Friday, Feb. 19, 1965
A Matter of Blood
Any normal week brings into focus a number of incidents--always violent, usually passionate, and rarely predictable--in that most cinematic of existences, Life--Italian Style. A few recent examples:
> Tooling toward Rome, a truck driver from the town of Poggibonsi suddenly realizes he has forgotten his driver's license. Che male fortuna, it's in his pants pocket at home. So he whirls the truck around and heads back. When he rings the doorbell, his wife leans out the window. "What's wrong, mio caro?" she asks sweetly. "I forgot my license." "Wait, I'll throw it down to you," she chirps. Back on the road to Rome, the truck driver is stopped by the police for a routine check. The driver's license he produces isn't his. Double take, then slow burn. With carabinieri in tow, he roars back home, bursts into the bedroom to find his wife in intimo colloquio with her lover. While the cops collar the accidentally unlicensed Lothario, the husband picks up his naked wife, plunks her seat-first on the red-hot kitchen stove. Pffft!
> In Sambiase, a town of 12,000 at the tip of the Italian boot, a chilly wind whispers under the doors. The townspeople stare at each other meaningfully as a lonely dog howls in the hills. Then, with a roar of auto engines and a clatter of hoofbeats, Sambiase blows wide open. Bullets spray in all directions; a hand grenade booms against the wall of the police station.

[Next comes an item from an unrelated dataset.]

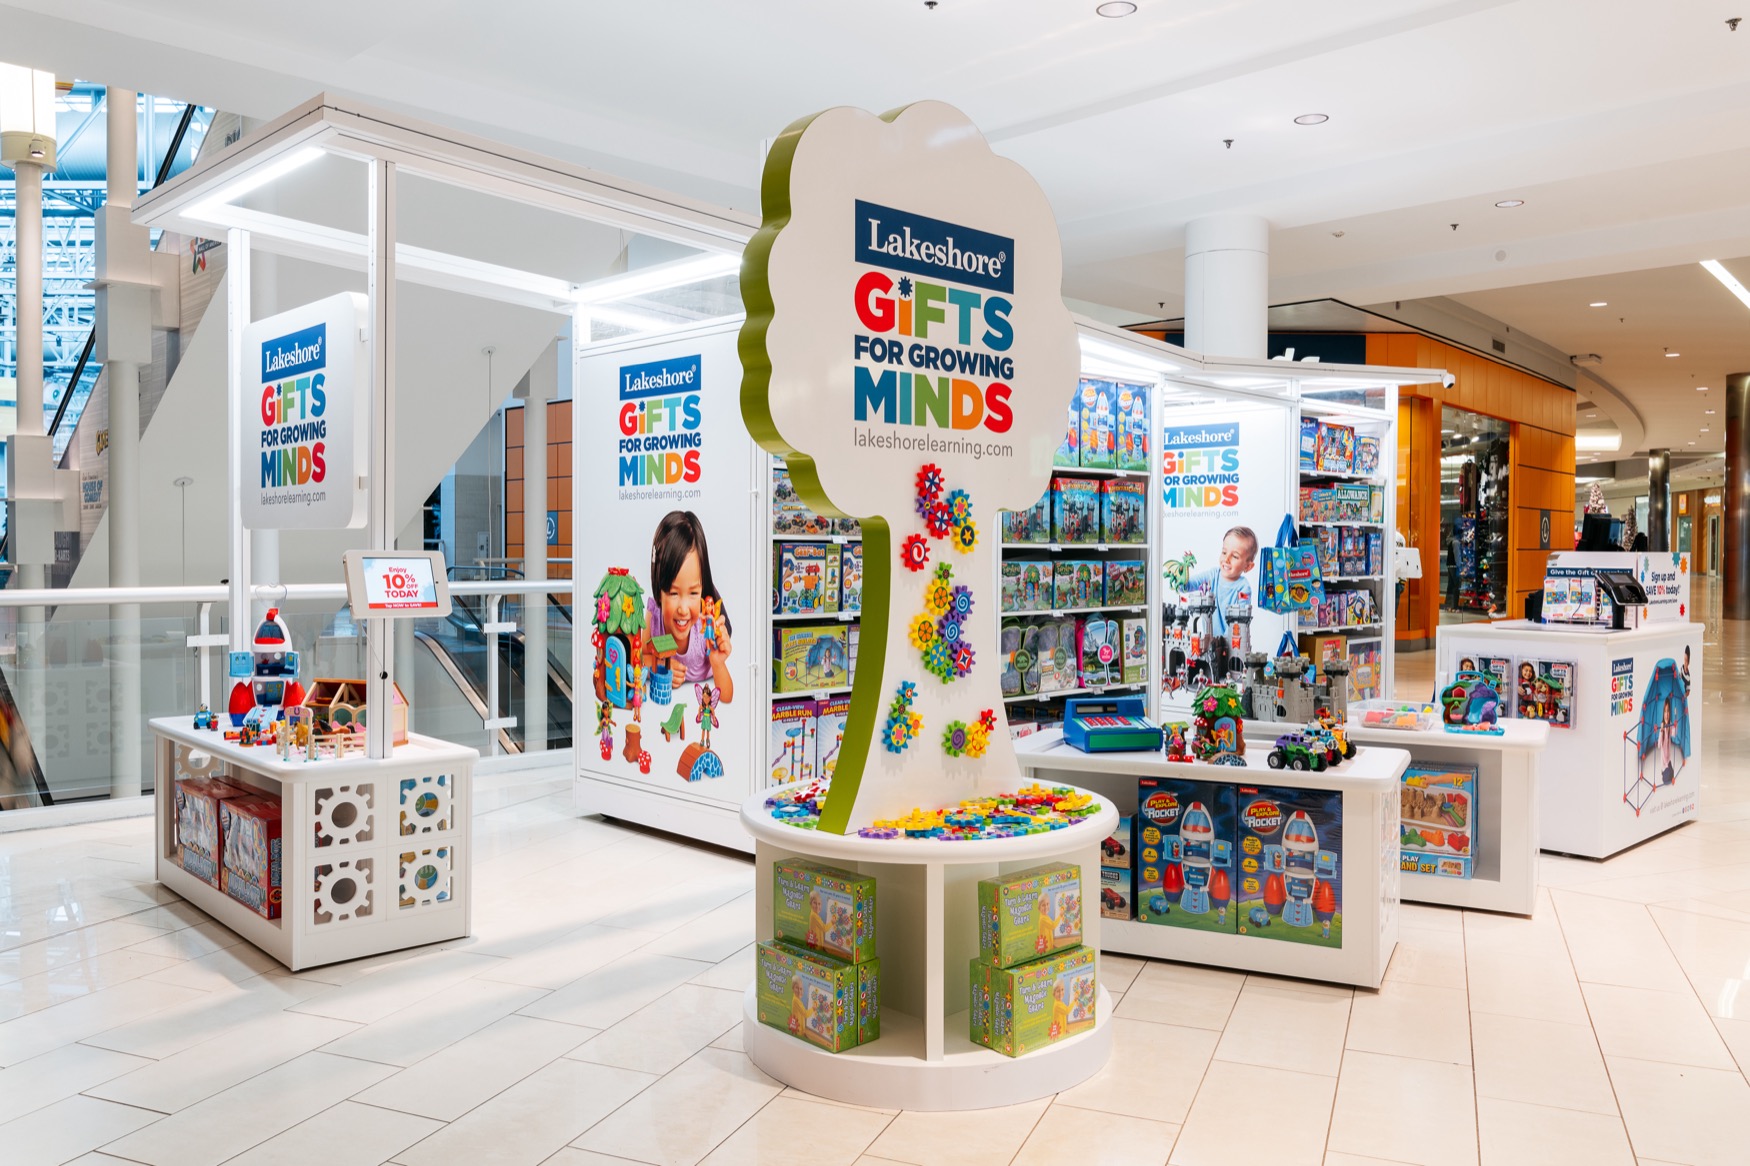 Lakeshore Gifts for Growing Kids in-mall toy display
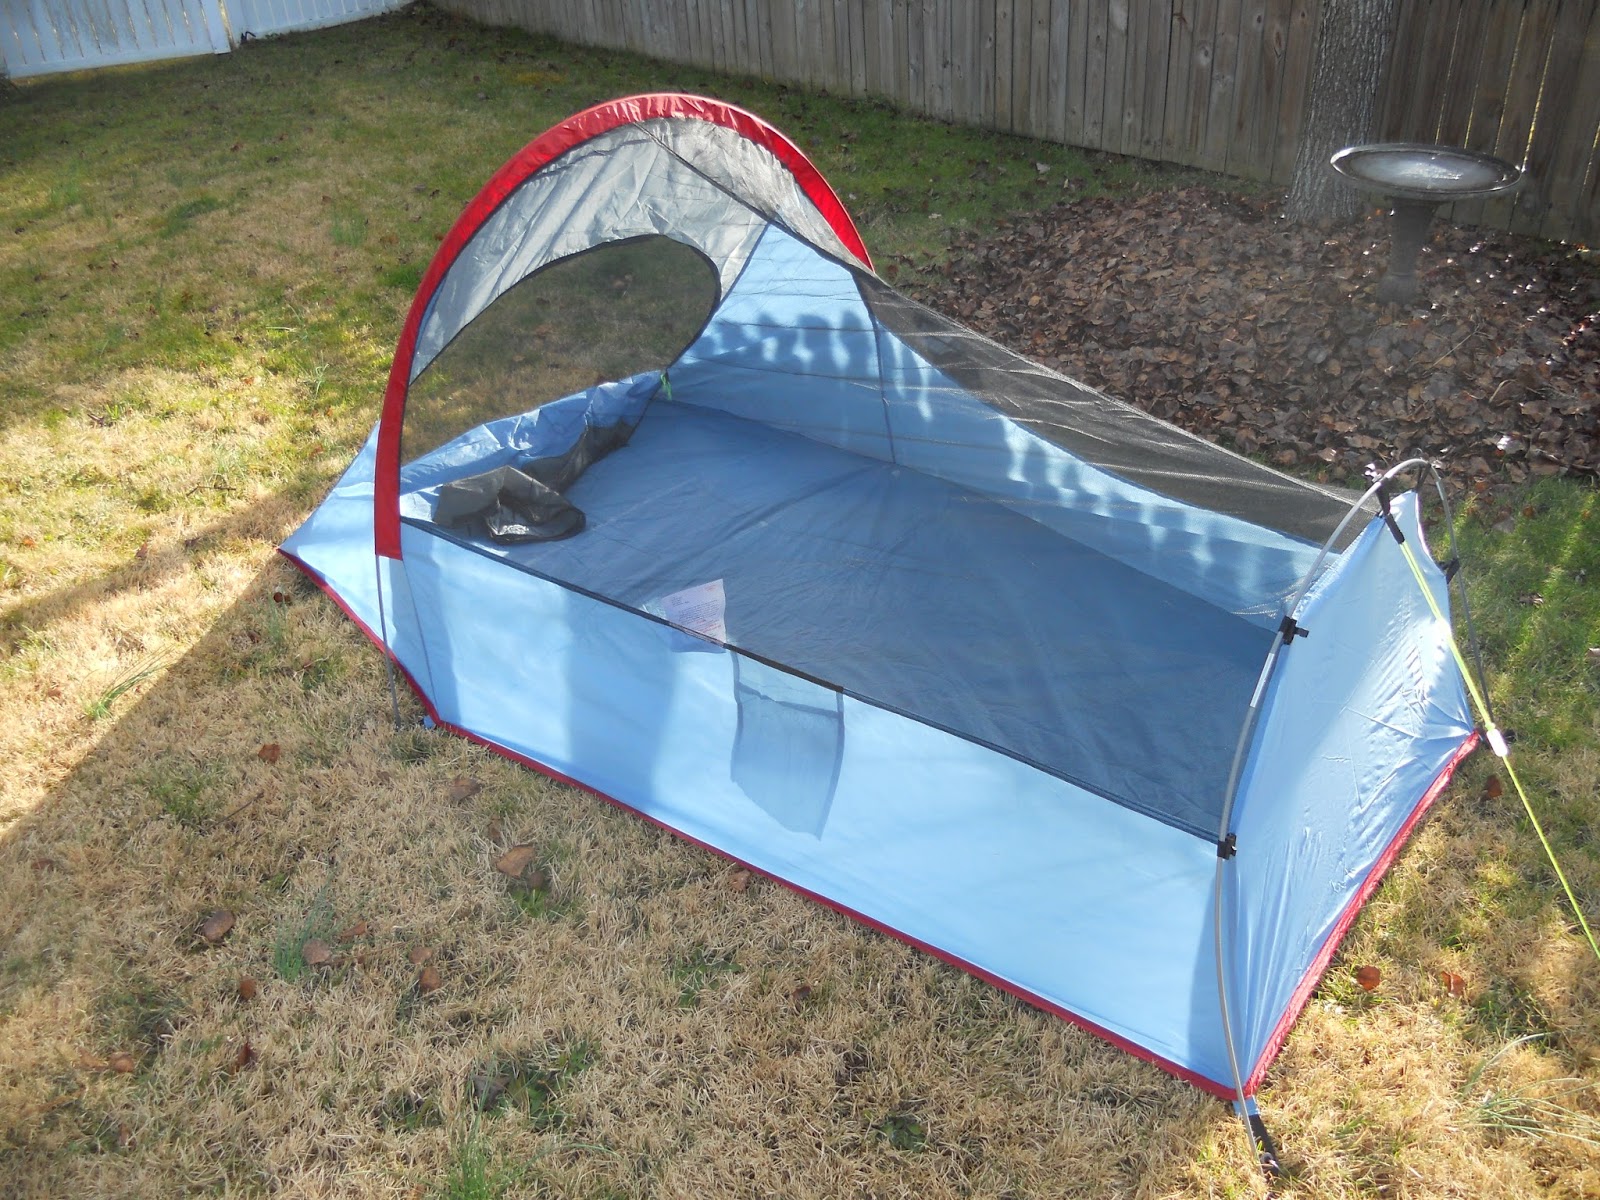 Texsport Saguaro Bivy Shelter Tent from Port Side Looking Forward

For 40 minutes the town rocks to gunfire and explosions before the attack recedes. At last police arrive from a nearby town. Is anything wrong? No, say the townspeople, nothing. Can anyone identify any of the raiders? No. Any reason why they should have shot up Sambiase this way? No. The police write in their report: "Looks like a vendetta of some sort," and, shrugging, return to their headquarters.
> In a courtroom in San Remo, the slim, stiff-spined figure of Brigadier General Alberto Concaro, 74, stands at attention before the bar. It is a simple parking problem. But as the judge announces that General Concaro must park his car in his garage and stop using it as a storeroom, Concaro cries: "I protest!" The argument grows in volume; the general draws an automatic pistol. One court official drops, shot twice in the stomach and once in the leg. The court usher charges boldly, then sprawls dead with three methodically aimed bullets in him. The judge intervenes, only to slump in his robes, critically wounded by four slugs. Finally a policeman slips behind the general, cuts him down with a burst from his submachine gun. Dying on the courtroom floor, General Concaro gasps: "I shot as a protest against bureaucracy. I am only sorry I fell in such a dishonorable way--shot in the back."
It may be that Somebody Up There felt it was high time to cool off that hot Italian blood, for last week most of Italy was blanketed by its heaviest snowfall since 1796. But in Rome, which caught nine inches, passions only heightened when the army was called in to clear the drifts. Rome's unemployed demanded that the city hire them to do the job. Absolutely not, declared city officials, recalling the nightmare some years ago when gangs of unemployed cleared streets by day, then shoveled snow back onto them at night to keep their jobs alive.
As Romans pelted one another with snowballs, umbrella pines toppled like tenpins under the heavy, wet load. The citizens' reaction showed how long they have been conditioned to the sound of gunfire: with the crackling snap of tree branches echoing through Roman streets, police phones were besieged with hysterical calls of "Assassino!" and "Banditi!"